Bangladesh’s 45% Investment Leap: Is it a True Turning Point or a Warning?
Bangladesh saw a significant 45 percent increase in foreign direct investment (FDI) in 2025, according to the United Nations Conference on Trade and Development (UNCTAD). This impressive surge, highlighted in the World Investment Report 2026, marks a positive change after two years of decline and was the highest growth rate among South Asian nations.
Despite the promising statistics, experts suggest it is too early to declare a full return of investor confidence. Foreign investment in 2025 reached $1.78 billion. While positive, this amount is quite small when compared to Bangladesh’s economy, which is valued at over half a trillion dollars with a population exceeding 170 million. Relatively smaller economies like Uganda, Ghana, and Congo received similar or even greater foreign investment during the same period.
A closer look at the 2025 figures reveals a critical detail. Much of the growth came from existing foreign companies reinvesting their profits in Bangladesh. This shows that current investors still see potential. However, there is little evidence that new foreign companies, looking to establish fresh operations or “greenfield” investments, have gained significant confidence. Greenfield investments are vital for creating new jobs, bringing in technology, and boosting production.
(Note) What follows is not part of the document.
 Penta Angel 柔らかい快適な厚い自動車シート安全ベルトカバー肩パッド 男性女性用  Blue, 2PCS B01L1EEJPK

Foreign investors do not make long-term decisions based on a single year’s data. They carefully assess a country’s stability, policy consistency, and overall business environment for the next five to ten years. In Bangladesh, FDI remains below 0.4 percent of its Gross Domestic Product (GDP), a very low figure for a developing economy.
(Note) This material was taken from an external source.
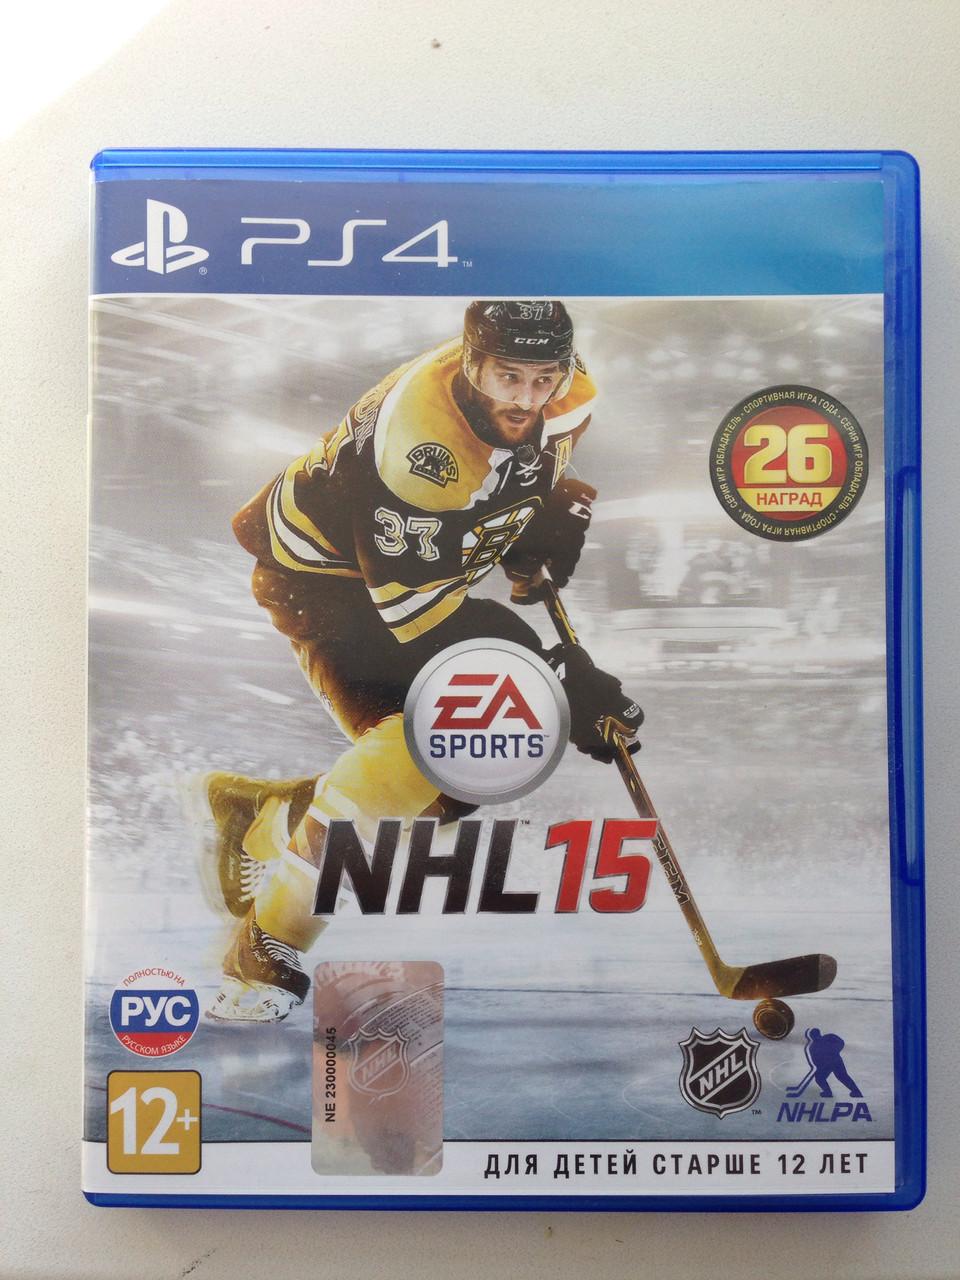 NHL 15 (PS4) pyc.

Several factors contribute to this cautious approach. Investors prioritize clear, stable policies and effective institutions, fearing changes in government might disrupt contracts. The nation’s banking sector also faces challenges, including non-performing loans and governance issues, which deter both local and foreign investors. Furthermore, beyond cheap labor, modern investors demand reliable energy, efficient transportation, smooth administrative services, and strong infrastructure.
Crucially, local entrepreneurs, who represent the largest source of investment in Bangladesh, are also showing caution. Their private investment makes up about a quarter of the GDP. When domestic investors hesitate, it sends a strong signal to potential foreign investors. The slowdown in private sector loans and rising unemployment among educated youth further highlight this internal lack of confidence.
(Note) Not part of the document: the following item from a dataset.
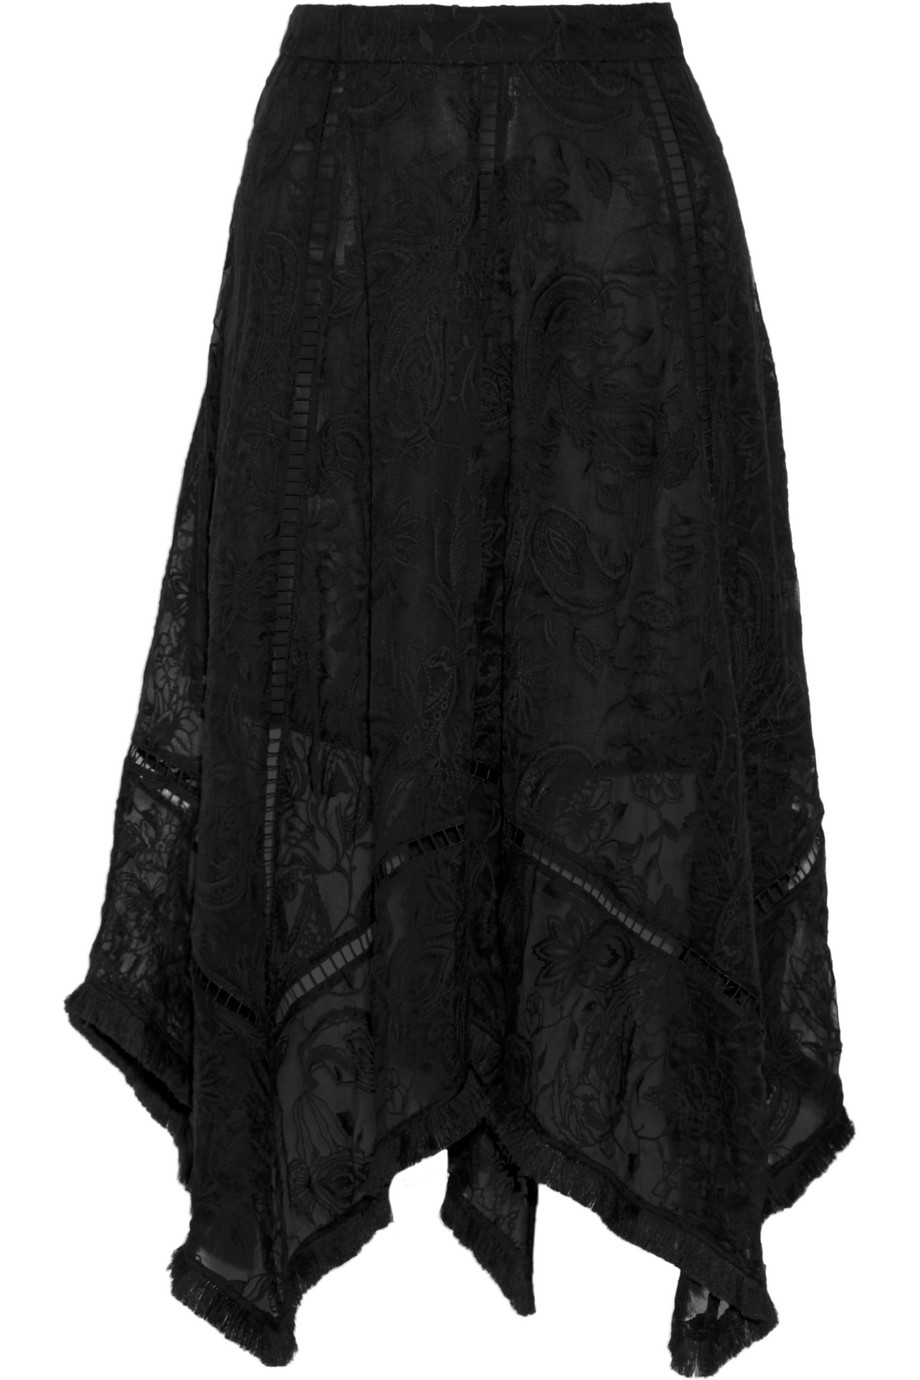 Zimmermann Henna Fringed Embroidered Silk Skirt, Black, Women's, Size: 1

To attract sustainable investment, Bangladesh must focus on building trust. This means making investment-related institutions more efficient and transparent. Strengthening the financial sector by tackling bad loans and improving bank governance is also essential. Lastly, enhancing economic competitiveness through better infrastructure, reliable energy sources, and digital government services is key.
The 2025 FDI increase presents a clear opportunity for Bangladesh. The challenge now is to convert this single positive indicator into a solid foundation for long-term growth. Building lasting trust, rather than relying solely on statistics, remains Bangladesh’s most pressing economic task.